• [PROBLEM STATEMENT]: After locating the line that contains "Adidas Tubular Womens Black" in the material below, copy that line and each one following it, exactly, up to the last line. Pictures stay out.

• [SUPPLIED MATERIAL]:
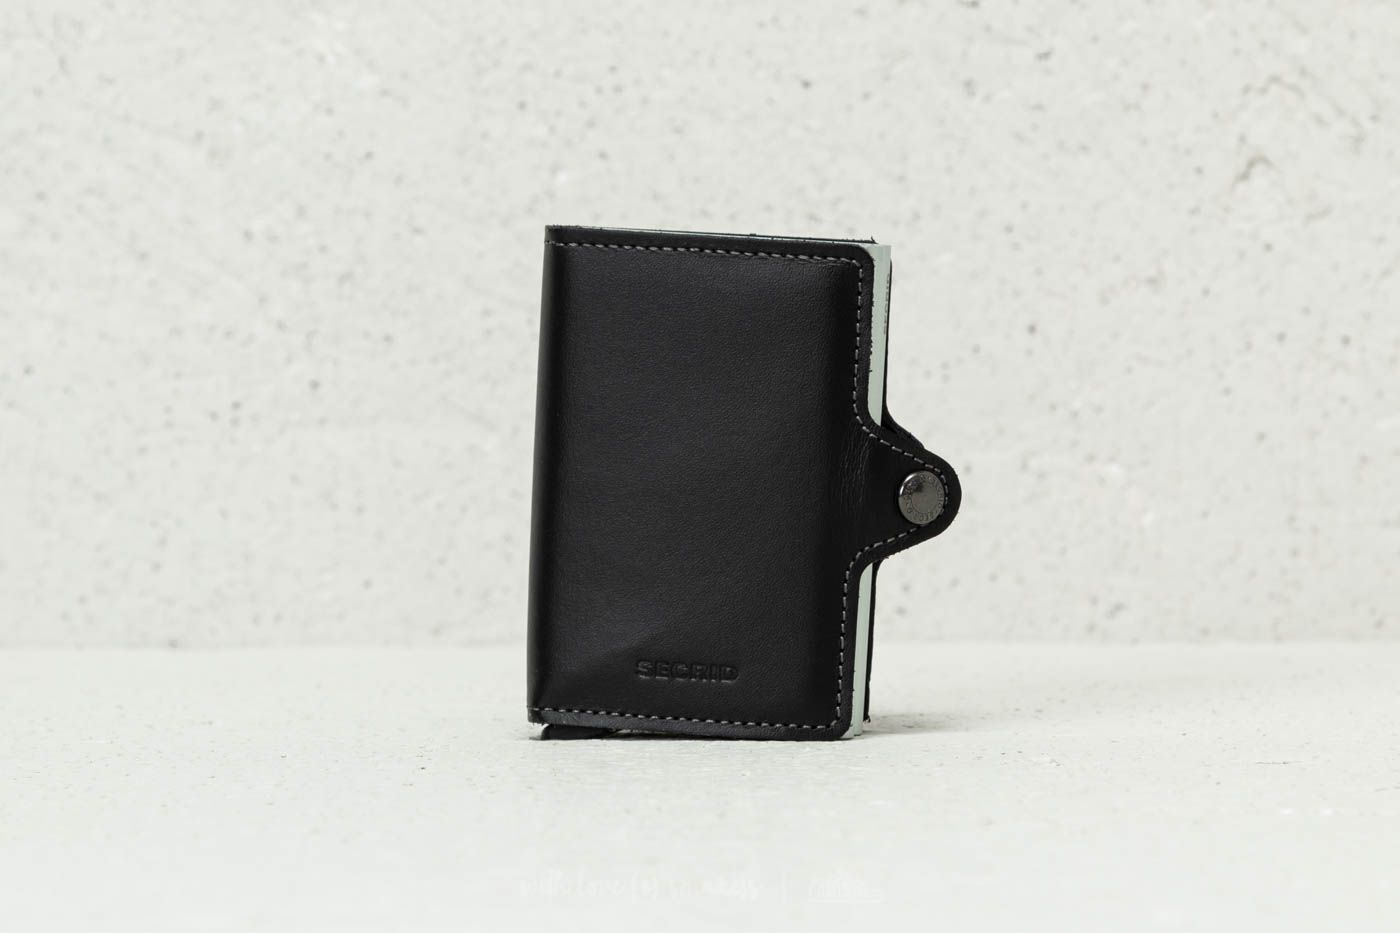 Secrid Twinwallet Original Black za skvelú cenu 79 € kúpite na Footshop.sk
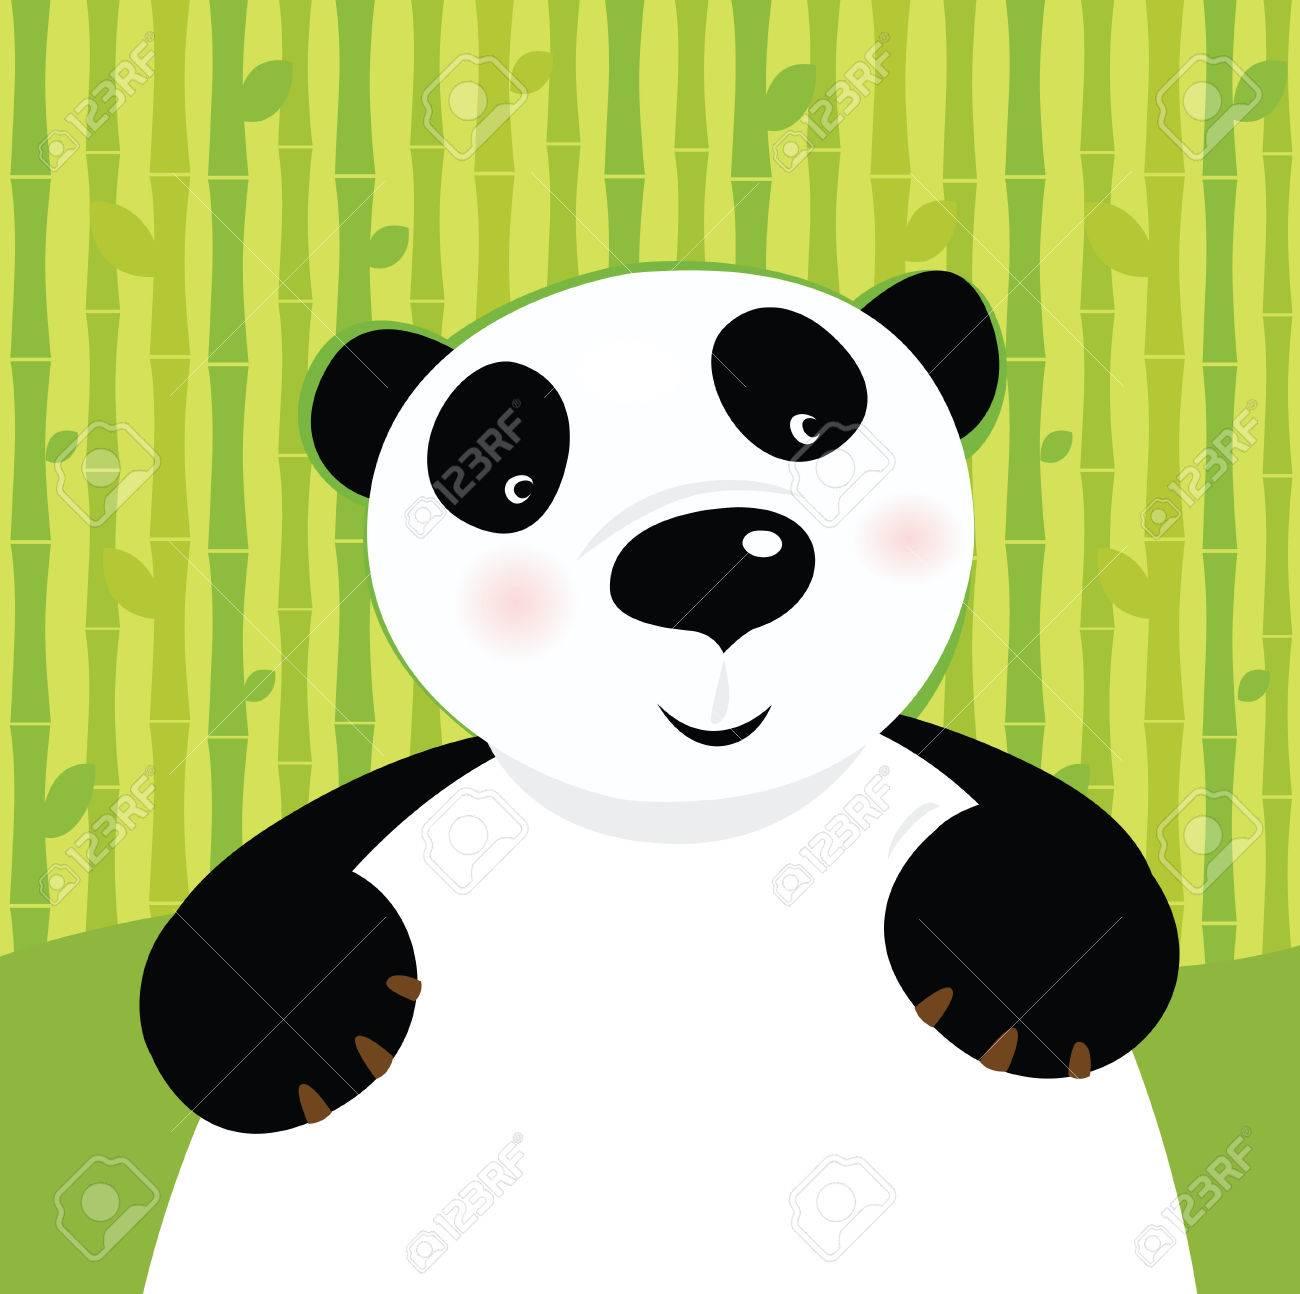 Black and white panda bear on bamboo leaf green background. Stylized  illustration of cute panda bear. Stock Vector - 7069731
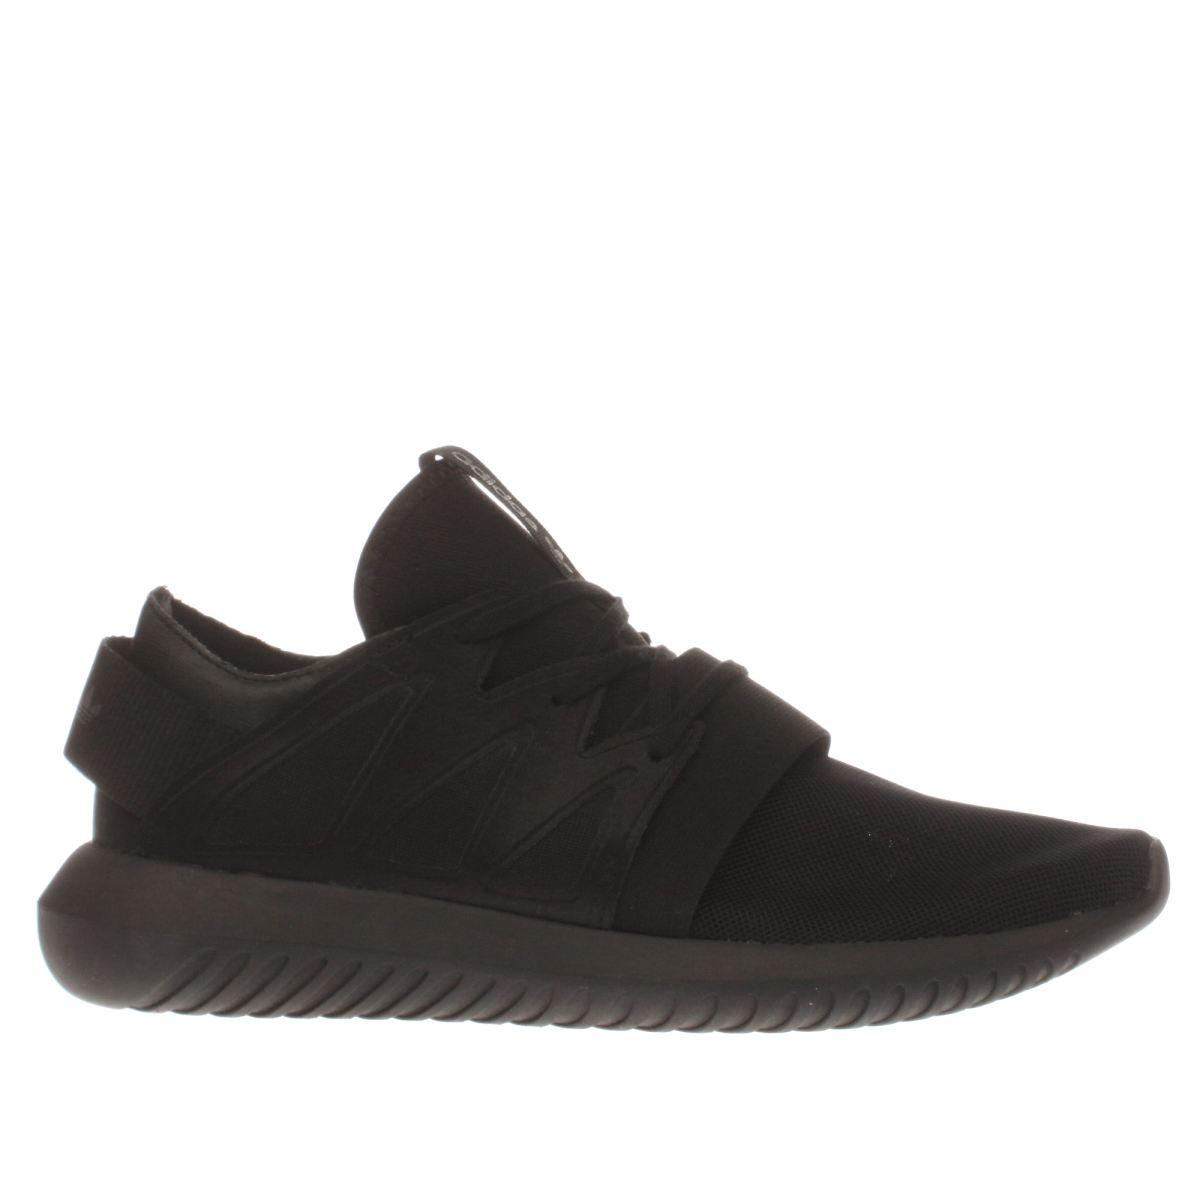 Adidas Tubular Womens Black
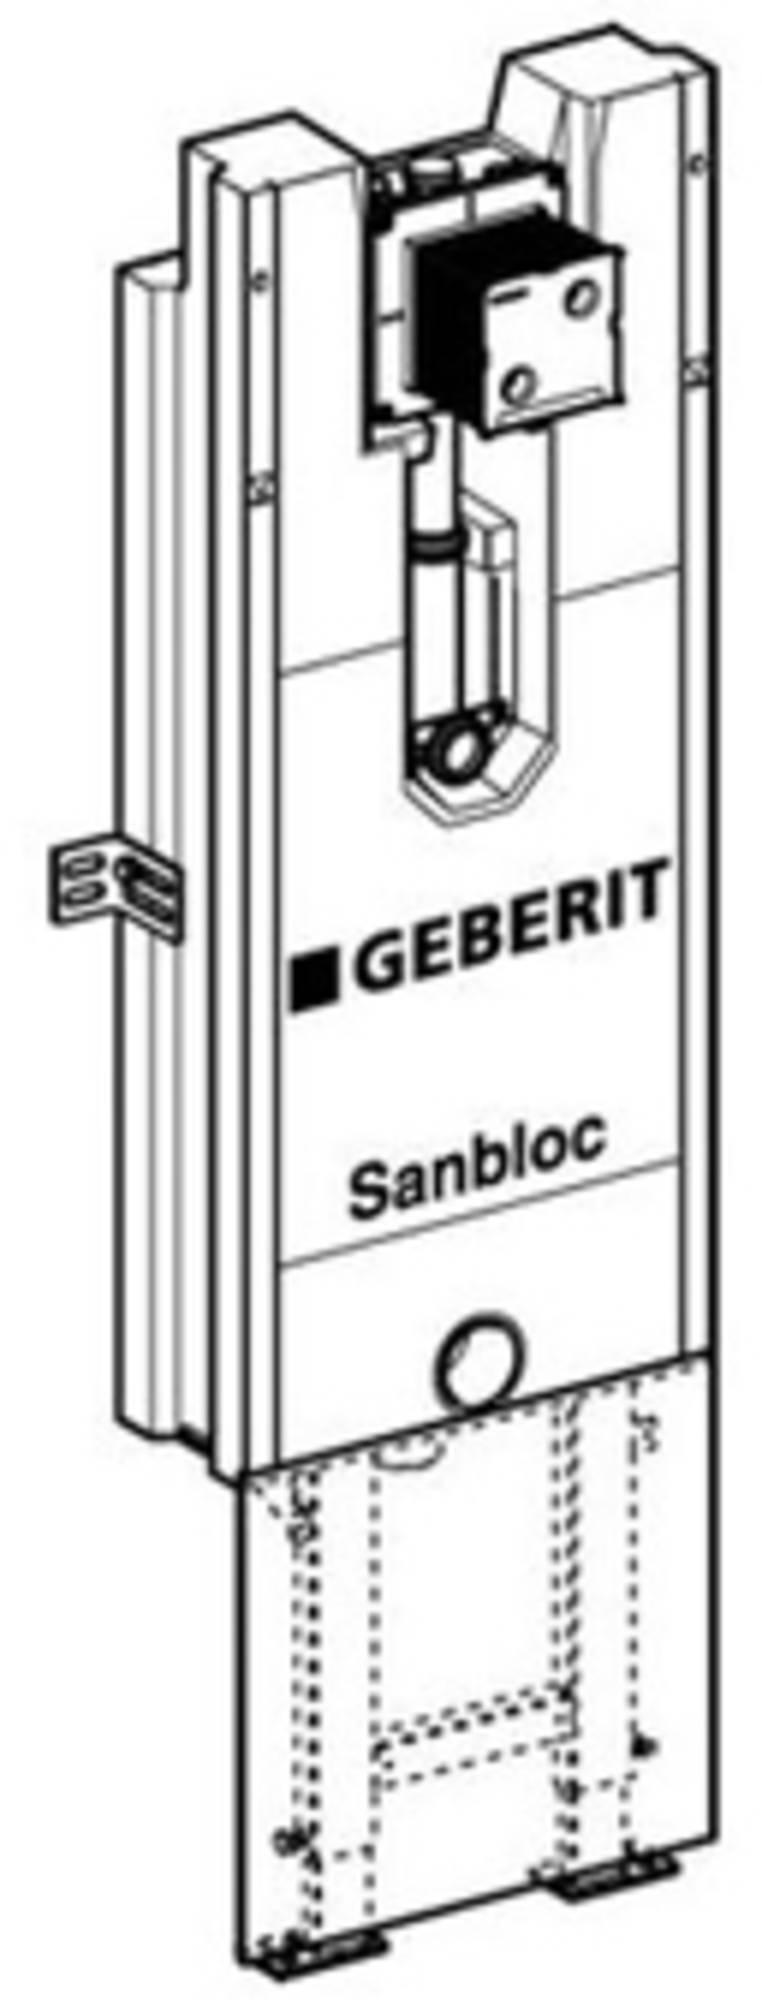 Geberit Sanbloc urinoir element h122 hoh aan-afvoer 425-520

• [SOLUTION TO THE PROBLEM]:
 Adidas Tubular Womens Black
 Geberit Sanbloc urinoir element h122 hoh aan-afvoer 425-520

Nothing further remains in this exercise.